Mandy21 Fri 16-Sep-11 15:07:15

The biggest fund raiser by far is the annual ball that we have - a black tie event, 3 course dinner, band etc. Usually has a charity auction / raffle etc. Quite an expensive evening (I think tickets are usually about £40/45 per person and then raffle tickets are £5 a strip etc) but there are usually some great prizes (dinners at local restaurants / signed football shirts / night in a hotel etc).

We've also had a Race Night which has gone down very well (another adult only event) but they broadened it out to an old fashioned beetle drive that went down very well as the children could come. We also have a Treasure Hunt each year which is a good family afternoon and this year we also organised a camp-over in July that was really successful and a great hit with the children.

midnightexpress Fri 16-Sep-11 17:08:11

Mandy, do you know how they make a profit on the ball? I mean, how much do the meals cost to supply? And what sort of venue do you use? And have you found that any particular time of year is best for holding that sort of event? We aren't in a particularly affluent area - middling, I'd say so not sure how much we could get away with charging for that sort of event, but it's certainly worth thinking about, as I'm guessing that it would be relatively straightforward to organise?

KTk9 Fri 16-Sep-11 23:34:21

Bags to school is a good one, we raise well over £300. Combine it with a jumble sale/car boot and go around everyone asking for any clothes they don't want to take home, which you can put into the bags.

Ladies Night - a comedian (slightly 'saucy'!), with a buffet supper, the comic also does DJing after, ours has gone down in history and tickets sell out within days!

Printer/phone recyling. Companies like Reclaim it, will provide you with a box in the entrance, for cartridges, large and small - the school will also be using up these and if you can get a local company to have a box for you too. All it needs is someone to check the cartridges are all claimable and ring the company who come and take them away and send you a cheque.

Great Weather Lottery, or local Football Club lottery, this is continual income with no input, once someone has subscribed.

Sponsored Walk, raises a lot, with a prize for the person who raises the most, have hotdogs/coffee at the start/end to make more money on!

I search other school websites for ideas all the time.

3duracellbunnies Sun 18-Sep-11 11:48:24

Might not be easy next to train line, but every summer we have a big camp out, where we pay to pitch tents on the field, there is bouncy castle, midnight walks, bbq, breakfast etc. Bit pricey but lots of fun.

also once a month each class takes it in turn to bake cakes which are sold fri pm for 20p each, raises up to #100 pcm, could charge more and increase income, also ours is just one form entry.

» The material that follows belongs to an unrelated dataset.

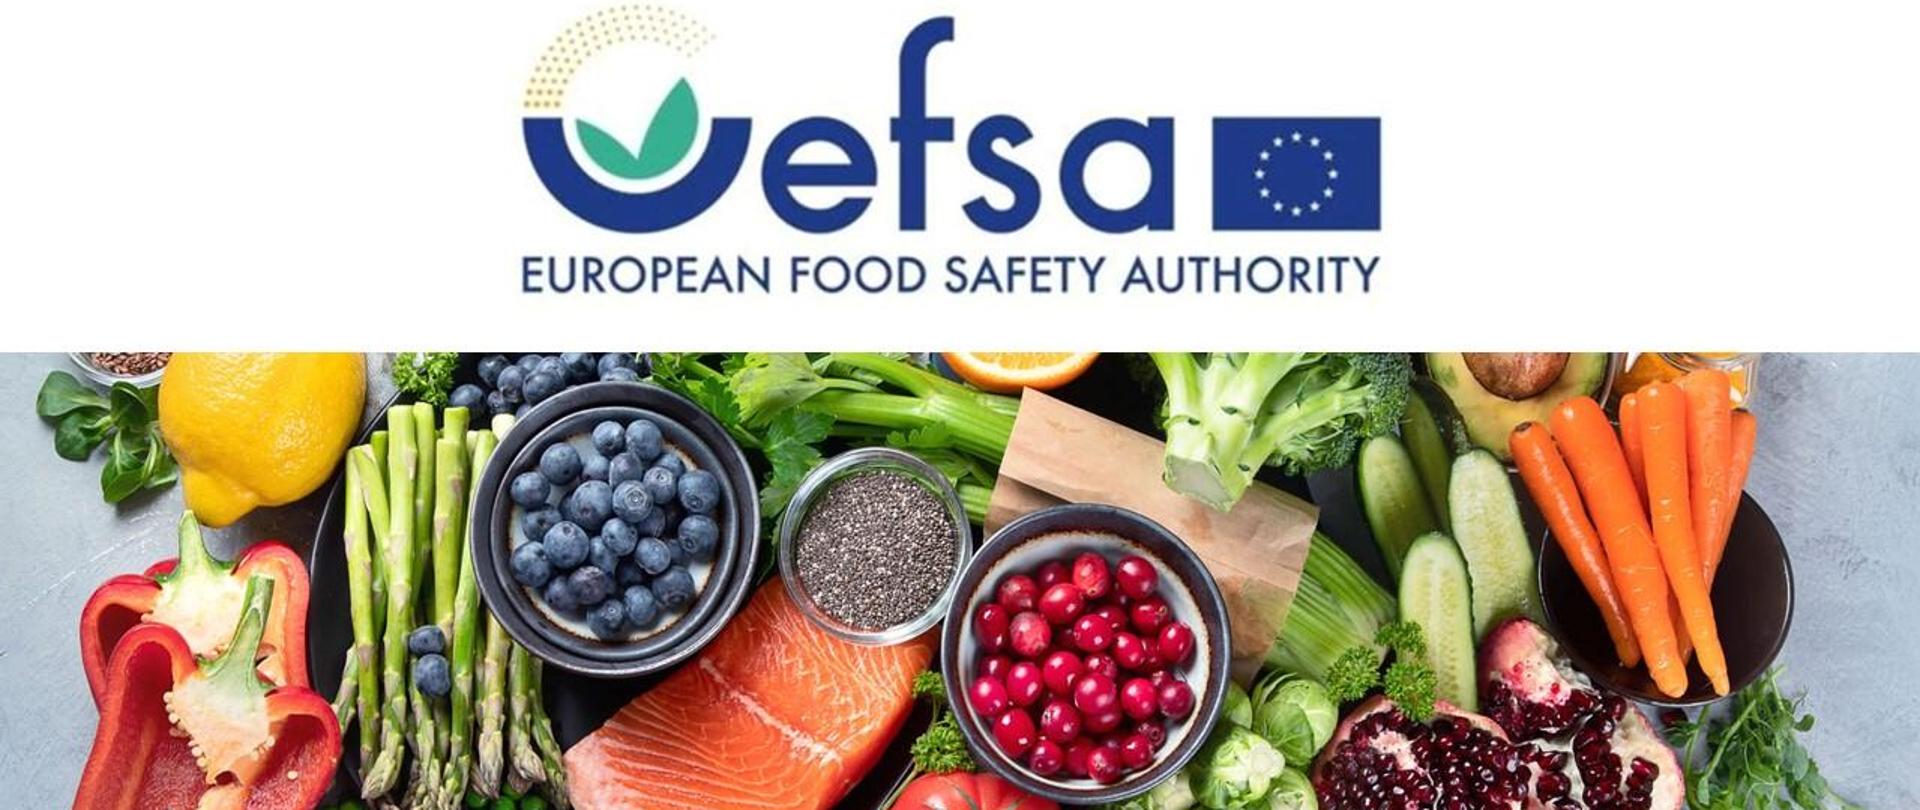 logo EFSA (European Food Safety Authority) Europejski Urząd do spraw Bezpieczeństwa Żywności, zdjęcie różnych owoców i warzyw

Each parent does need to bring 20-30 cakes as otherwise they sell out too soon.

I like the pamper night, might suggest it.

midnightexpress Sun 18-Sep-11 14:27:12

Yes, railway line and sleepout might not work - our outdoor area is mostly tarmac too, so not the most comfortable! But it sounds like great fun.

Our pamper night was a massive success. We had various treatments (massage, reiki, Indian head massage, nails etc) and a few stalls (jewellery, 2nd hand handbags, 'girlie' craft stuff etc) and free refreshments with the ticket - a local company gave us some fabulous cupcakes. I think we charged the businesses £20 up front and then 10% of any takings over £200, which seemed to work for everyone. We raised over £500 and it was a really good night out.

midnightexpress Sun 18-Sep-11 14:28:05

I like the cake bake idea - that could work really well.

3duracellbunnies Sun 18-Sep-11 14:58:06

With the cake stalls You can also introduce a little competition by having a league table of classes. It also means that parents who maybe don't get so involed at least bake/buy cakes once a year.

We also have a sponsored bounce, usually at easter, with children coming in classes and being counted to see how many bounces they can do in a minute. You need a bouncy castle and some volunteers one to count each child (obviously only some bouncing at a time and the rest of the class cheering on). Needless to say the children love it.